Long noncoding RNAs (lncRNAs), which regulate gene expression from transcription to protein translation are considered to be of high therapeutic potential (83-84). Recent studies have indicated that miRNAs, along with lncRNAs, are involved in both DNA methylation and various histone modifications (85). Noncoding microRNAs and various types of lncRNAs, form complex molecular networks within the cell, and closely interact with each other to regulate the processes of cellular homeostasis (86). LncRNAs coordinate many epigenetic regulatory processes, including the chromatin dynamics, DNA methylation, mRNA stability and noncoding RNAs (Figure 2- 3) (85). In particular, nuclear lncRNAs mainly act on transcription, and control the epigenetic state of certain genes, participate in transcriptional regulation, alternative splicing, and form subnuclear compartments (85,87). On the other hand, the cytoplasmic lncRNAs modulate post-transcriptional gene expression (85). Cyclic forms of lncRNA which have been shown to exist in various organisms that interact with miRNAs. (88). lncRNAs are classified according to the region of the genome from which they are synthesized. It has been proposed to classify lncRNAs as intergenic, intragenic and those that overlap with genes (89). Cyclic RNAs are not susceptible to exonucleases and can more effectively perform the role of endogenous competitive RNA (90-91). These transcripts compete with mRNAs for microRNA binding and reduce the detrimental effect of miRNA on transcriptional and post-transcriptional regulation of gene expression (86). lncRNAs with the help of proteins, regulate gene expression in the cis or trans position of the gene (93-94). lncRNAs direct chromatin-modifying proteins, which can activate or, in the case of tritorax, to suppress the gene expression ny epigenetic modification of histones or DNA (95). The interaction between lncRNAs and miRNAs encompasses miRNA-triggered lncRNA decay, lncRNAs acting as miRNA sponges/decoys, lncRNAs as competitors of miRNAs for mRNAs of target genes and finally lncRNAs that lead to generation of miRNAs (96) (Figure 2). Thus, miRNAs and lncRNAs, acting alone or together, control the gene expression through various posttranscriptional mechanisms, thus contributing to a reliable regulation of expressed proteins.

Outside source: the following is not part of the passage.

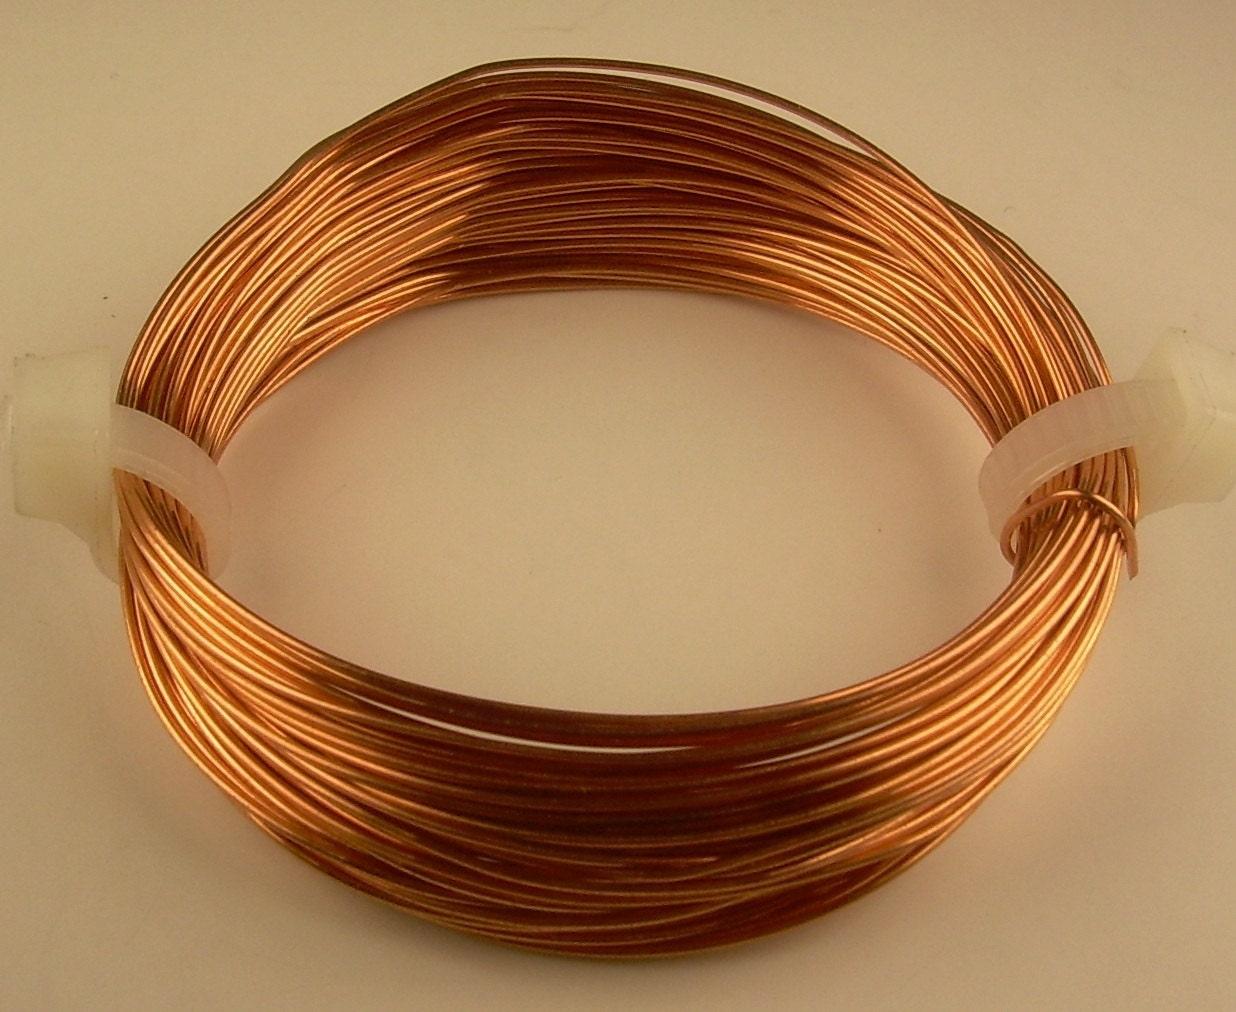 Copper Craft Wire 14ga 2oz 11ft Soft Solid Genuine Etsy Wiring Zoom

The CHROME (cholesterol homeostasis regulator of miRNA expression) is a lncRNA that regulates systemic cholesterol homeostasis in the liver and macrophages by inhibiting miRNAs such as miR-33 (Figure 3) (97). The knockdown of CHROME in human hepatocytes and macrophages increases the miR-27b, miR-33a, miR-33b and miR-128 levels. As a result, the expression of their overlapping target gene networks and their associated biological functions are reduced. In particular, cells without CHROME showed a reduced expression of ABCA1, which regulates cholesterol outflow and the formation of nascent HDL particles. Thus, CHROME is one of the key noncoding RNAs that control cholesterol homeostasis in humans, and it can have protective properties against atherosclerosis (97).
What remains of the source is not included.